:: SOURCE DATA ::

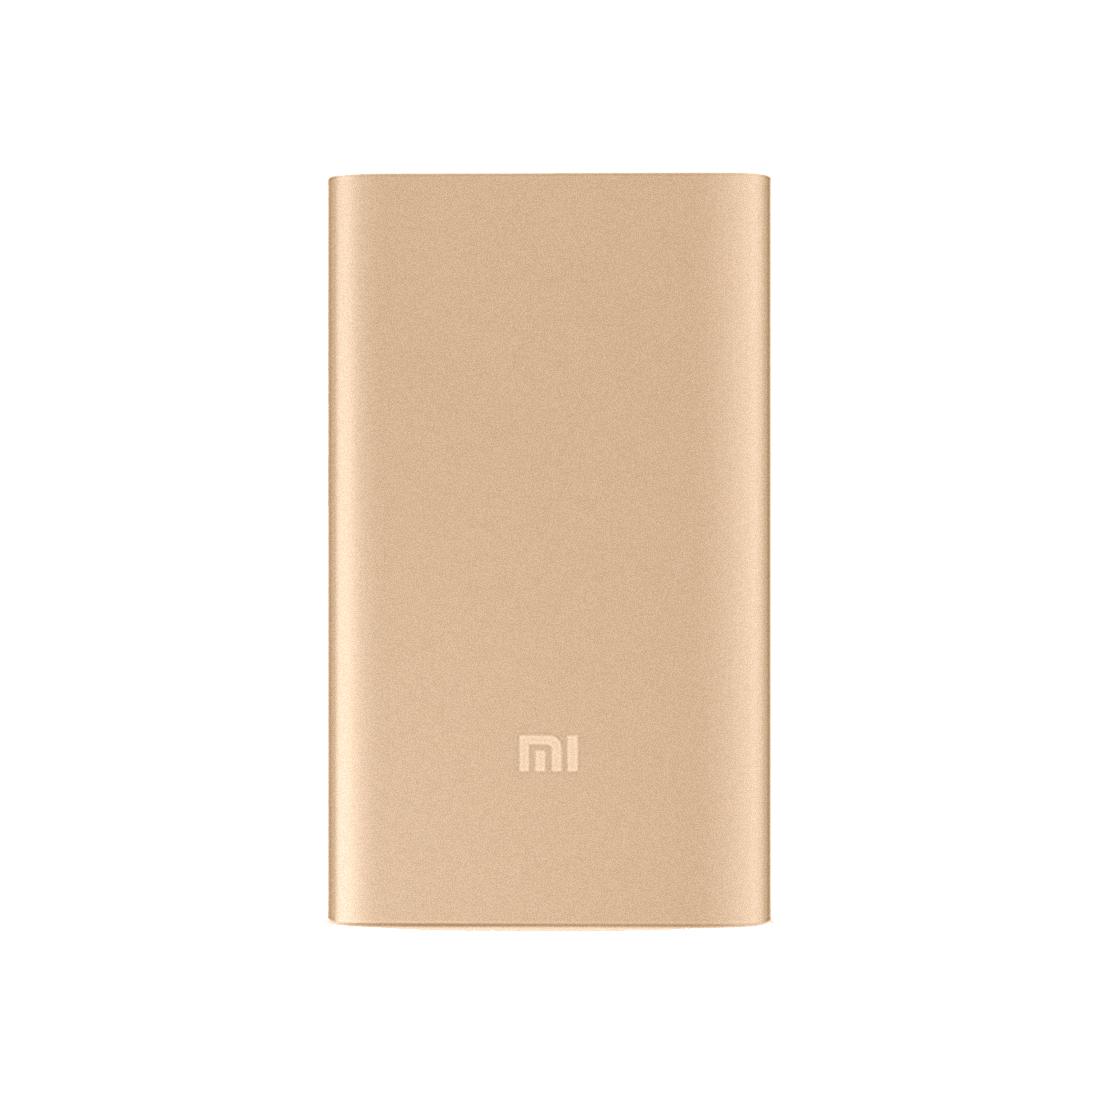 Портативное зарядное устройство Xiaomi Mi Power Bank 10000mAh Pro (Suite Version) Золотой
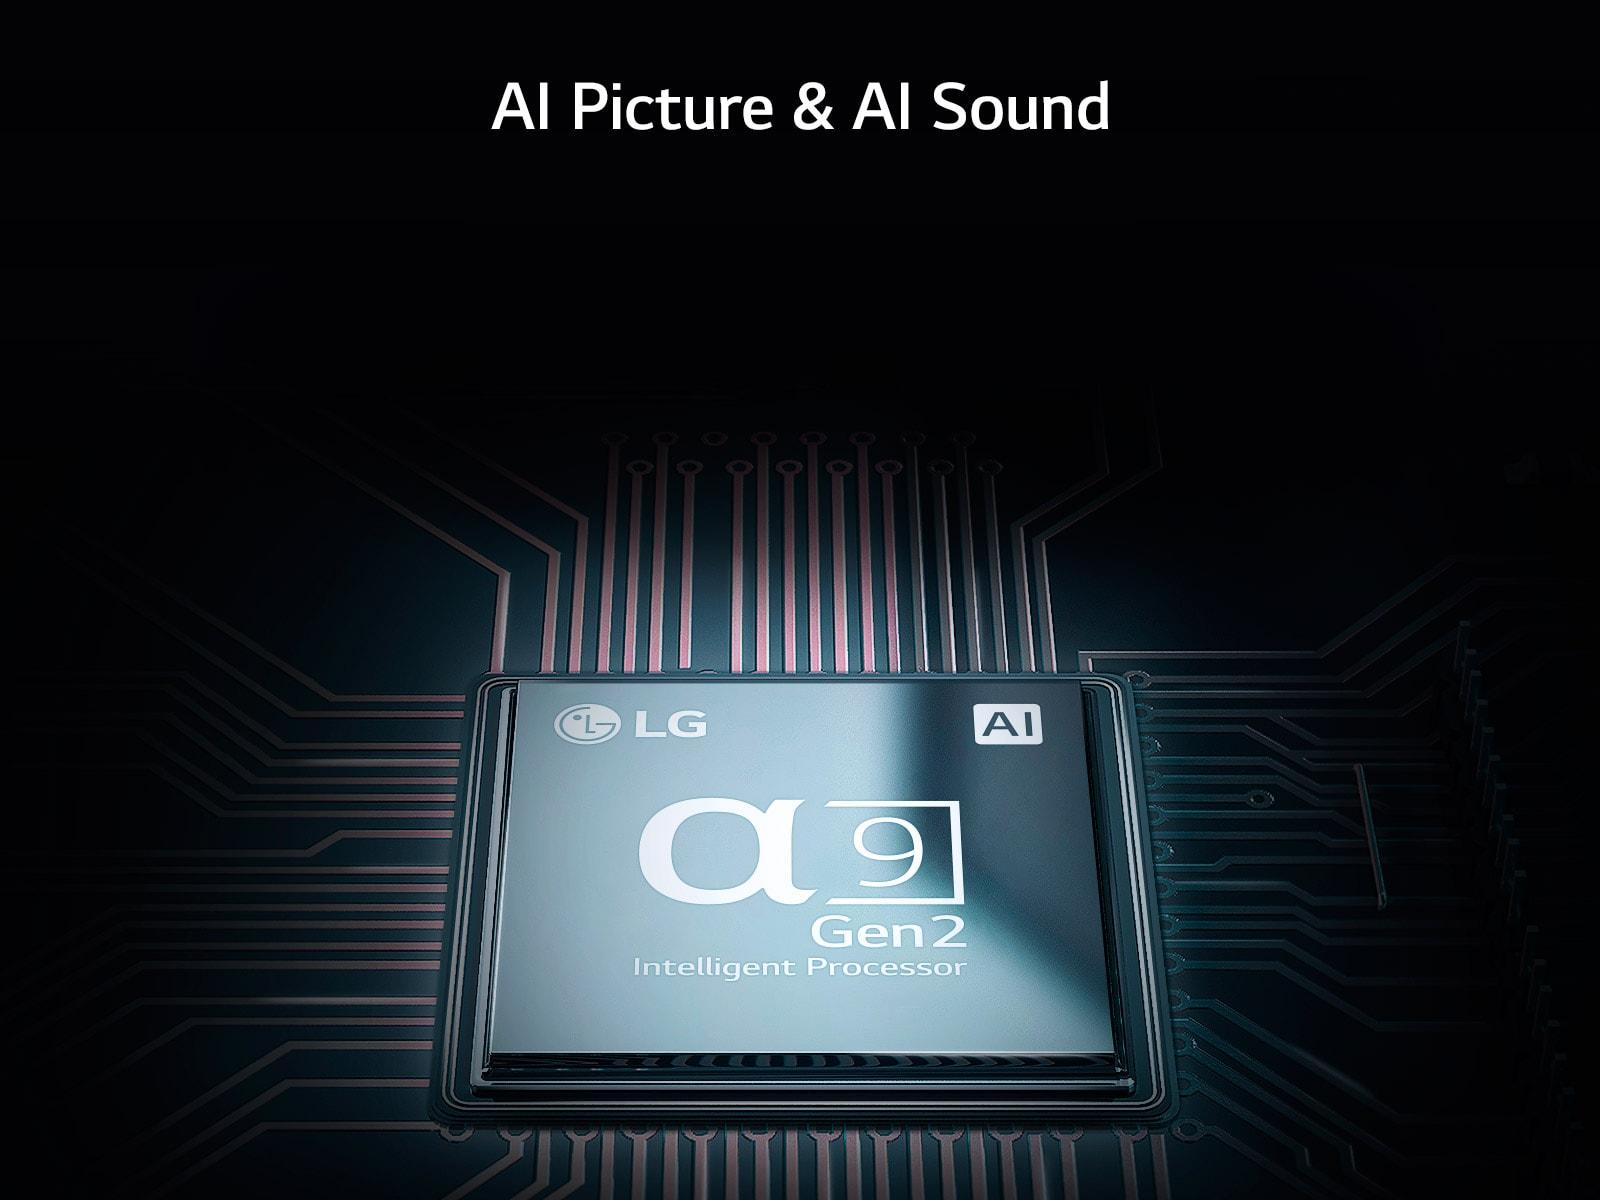 TV-SIGNATURE-OLED-W9-02-Alpha9-Gen-2-Desktop_V2
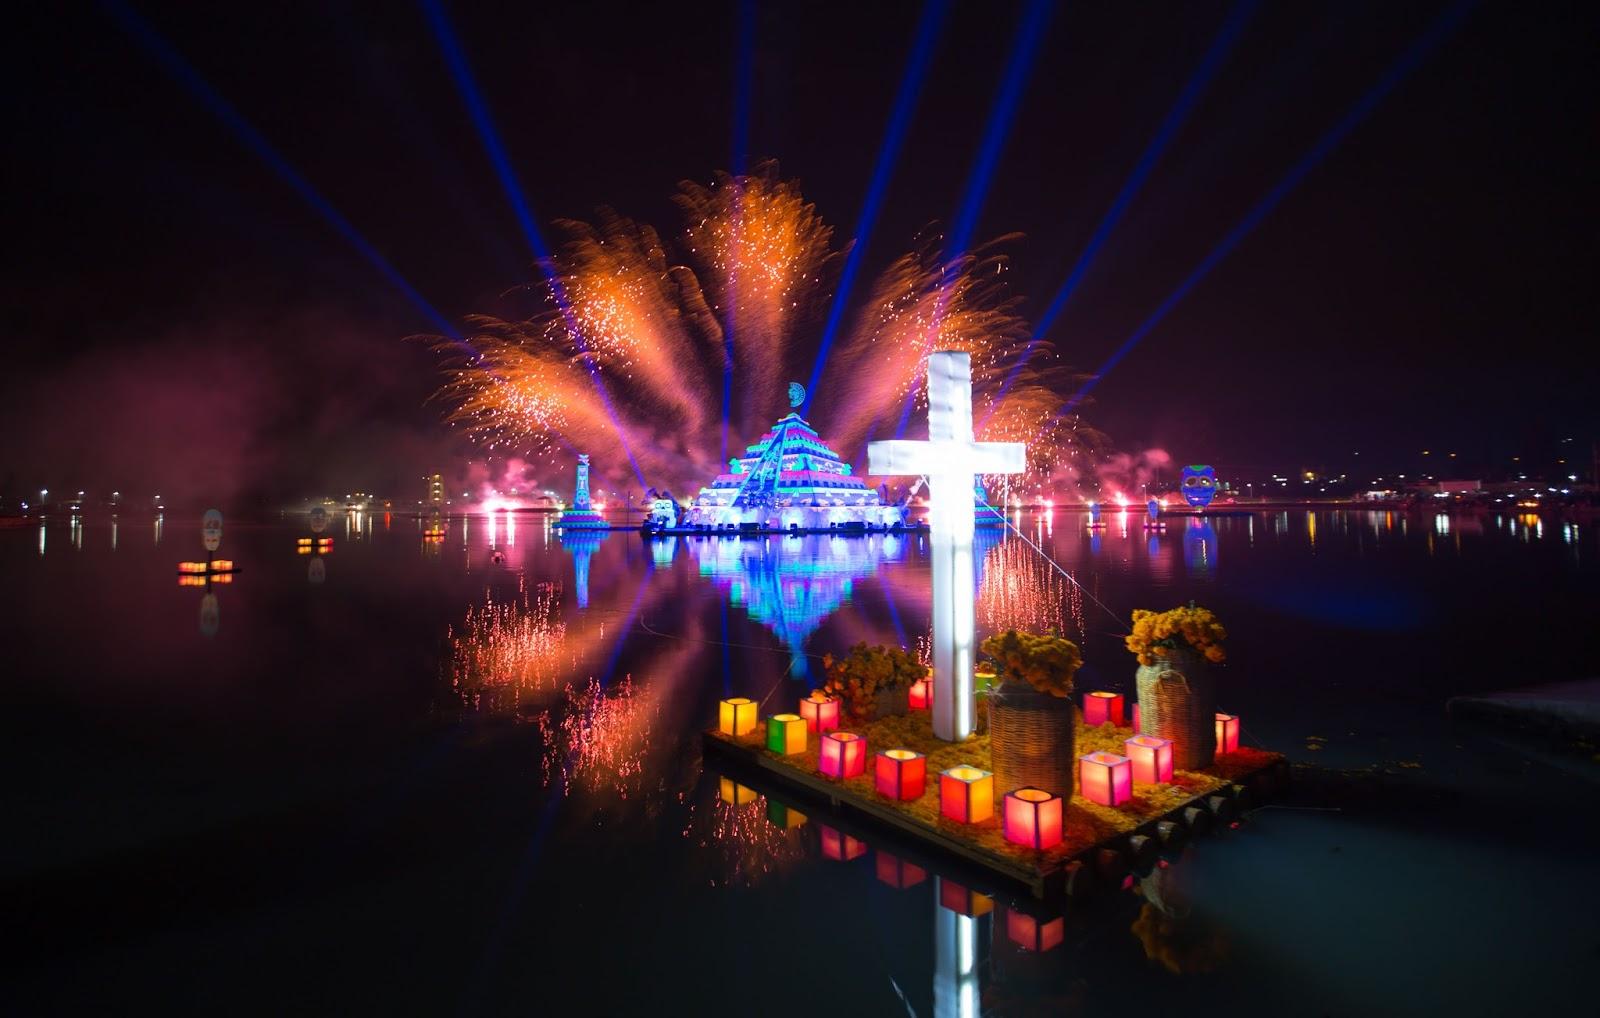 vista del festival de la luz y la vida

:::

- **WHAT IS NEEDED**
Copy out every line of the data exactly, leaving the images behind.

- **RESPONSE AREA**
 Портативное зарядное устройство Xiaomi Mi Power Bank 10000mAh Pro (Suite Version) Золотой
 TV-SIGNATURE-OLED-W9-02-Alpha9-Gen-2-Desktop_V2
 vista del festival de la luz y la vida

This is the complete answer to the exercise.